O tema não conquistou a mesma unanimidade que, na Câmara Municipal, cercou a votação do projeto que veta a produção e a comercialização do foie gras ("fígado gordo" em francês) em São Paulo.

Essa circunstância, contudo, não impediu os vereadores de aprovar, com insólita celeridade, uma proposta apresentada por Dalton Silvano (PV): ampliar de 18 para 30 as vagas existentes em cada gabinete no Legislativo paulistano.

O fato de o placar ter sido 38 a 7, com 10 abstenções, tampouco servirá para livrar os edis de críticas ainda mais duras do que as merecidas pela proibição do foie gras.

Estariam, no caso da iguaria, mobilizados pela boa intenção de proteger patos e gansos, um mandamento que decerto os fez considerar de somenos a inconstitucionalidade do ato –a municipalidade não tem competência para banir produtos legalizados no país.

Considerações dessa ordem não poderiam, naturalmente, justificar os 660 novos cargos de assessoria. Muito menos ajudariam a defender a análise a jato –não transcorreu nem uma semana entre a apresentação da proposta e sua aprovação.

Sem argumentos palatáveis, o autor do projeto buscou um esdrúxulo: "Tivemos crescimento de 1,5 milhão de pessoas na cidade de 2002 para cá. São 12 novos assessores para trabalhar para a população". O raciocínio só faria sentido se São Paulo tivesse cerca de 2,3 milhões de habitantes há 13 anos; tinha pouco mais de 10,4 milhões.
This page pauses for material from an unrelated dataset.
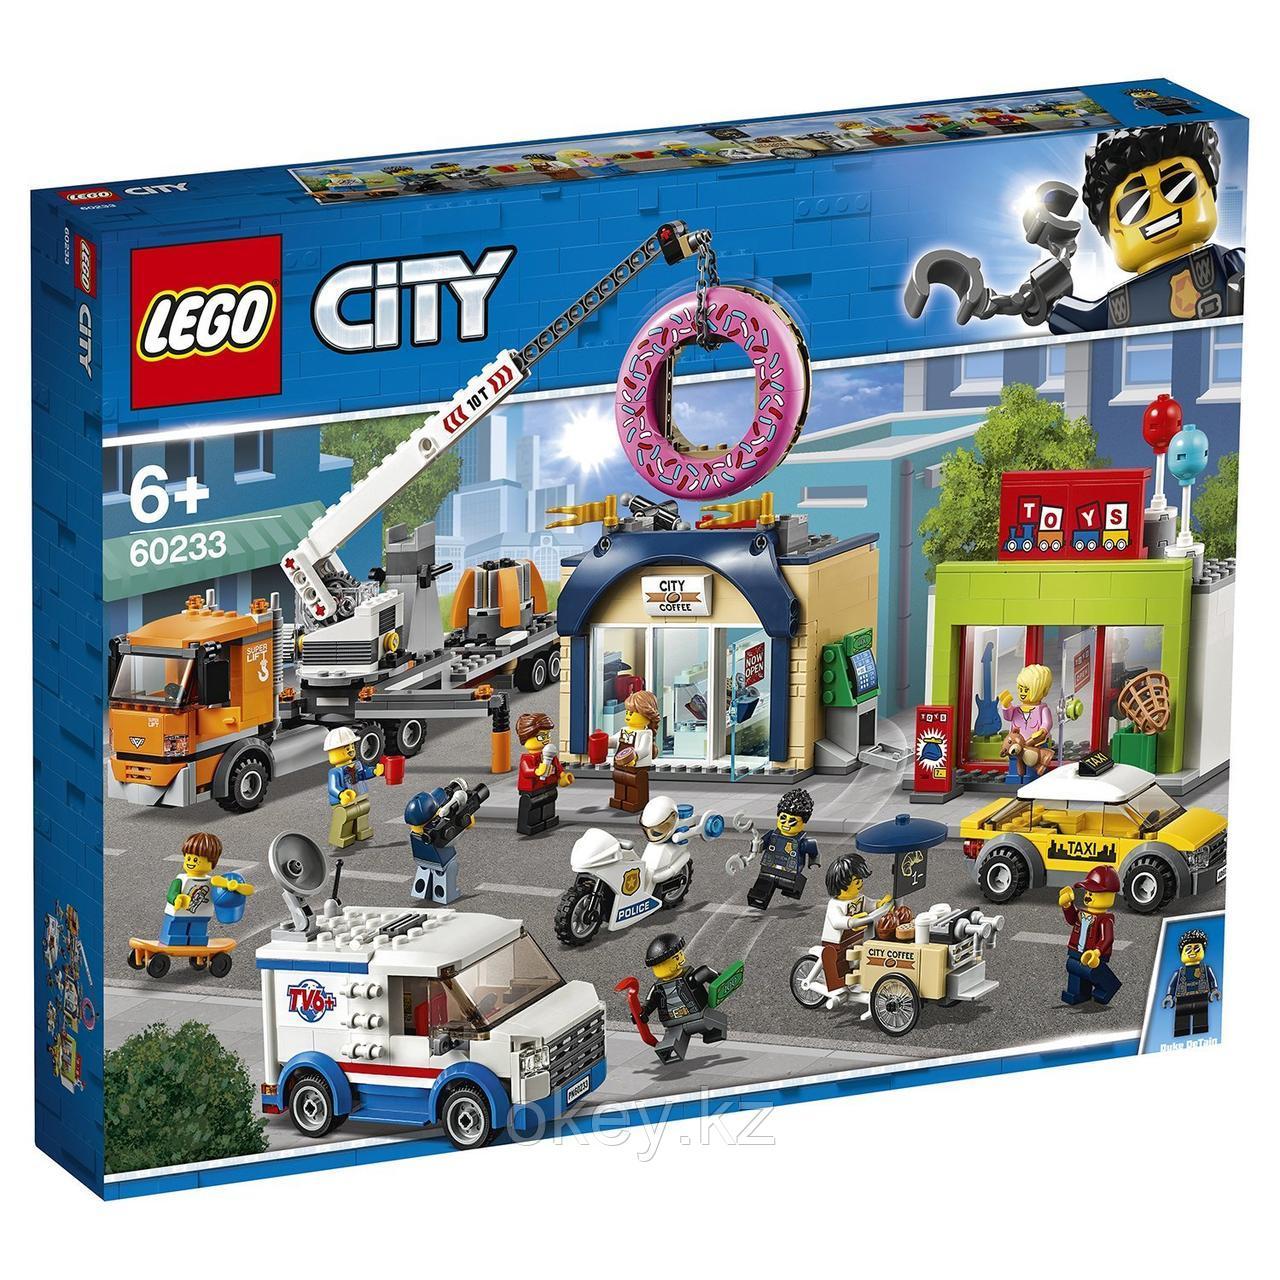 LEGO City: Открытие магазина по продаже пончиков 60233

Debater nesses termos, todavia, já é atribuir à medida uma seriedade que ela não tem. Os edis, embora devessem, não estão preocupados em melhorar a qualidade de seu trabalho. Querem apenas usar os disputados recursos da cidade para contratar cabos eleitorais.
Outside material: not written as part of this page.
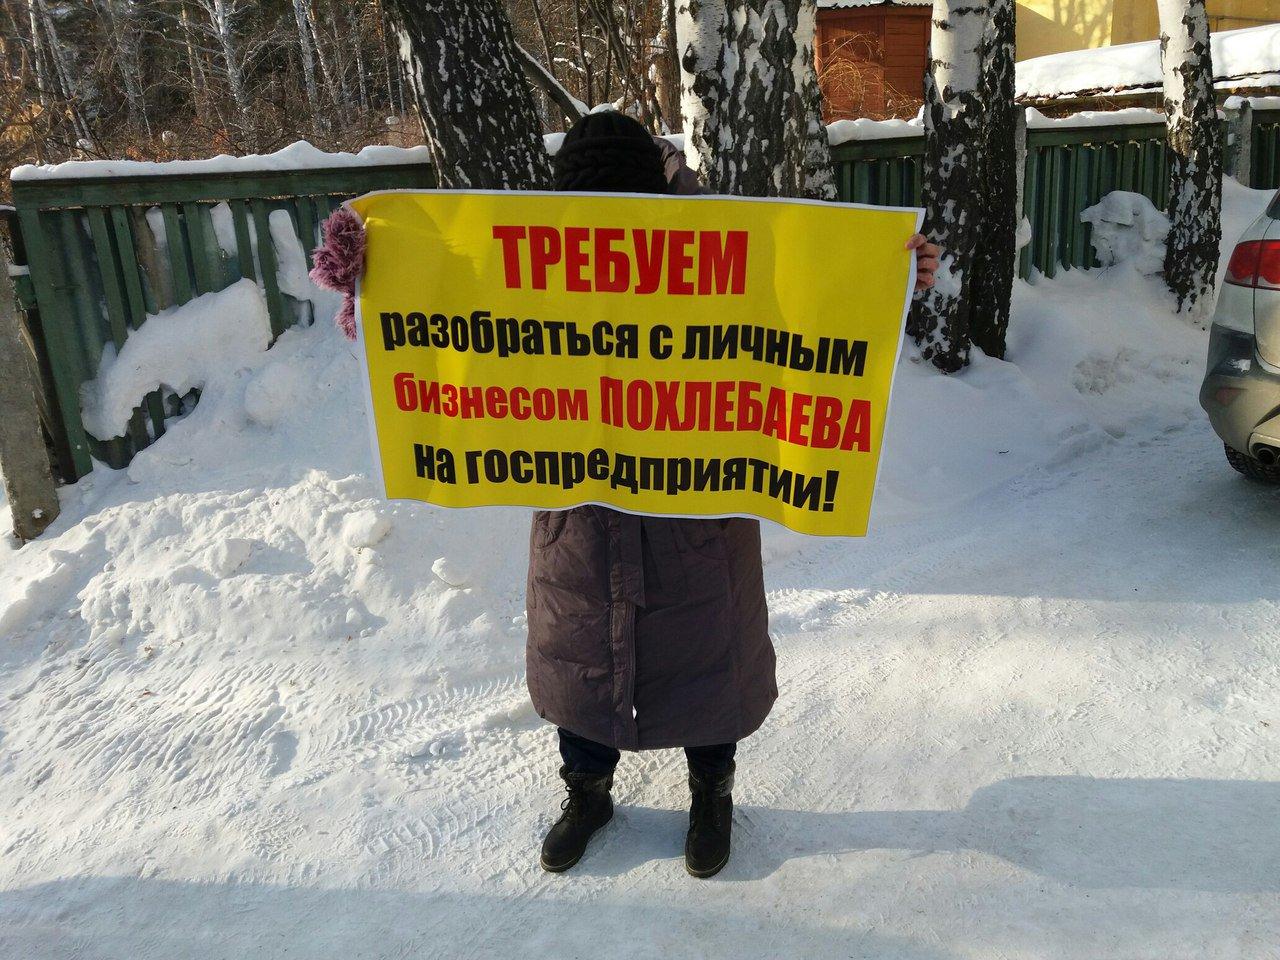 Последние новости футбольного клуба днепропетровск

Sem dar o braço a torcer, a presidência da Câmara alega que a medida não terá impactos na massa salarial da Casa. Ainda que seja verdade, um benefício como o vale-refeição pode trazer novas despesas de R$ 5,5 milhões ao ano.

De resto, os legisladores deveriam diminuir o número de assessores e, sobretudo, a verba de gabinete: os R$ 130 mil mensais de que dispõem supera a rubrica equivalente na Câmara dos Deputados (R$ 92 mil), onde o parlamentar contrata no máximo 25 auxiliares.

No sistema de freios e contrapesos, cabe ao Executivo conter esse tipo de excesso do Legislativo. Parece ocioso, porém, esperar o veto de Fernando Haddad (PT). Patos e gansos talvez estejam agradecidos, mas um prefeito precisa saber contrariar o interesse dos vereadores –sobretudo quando estes legislam em causa própria.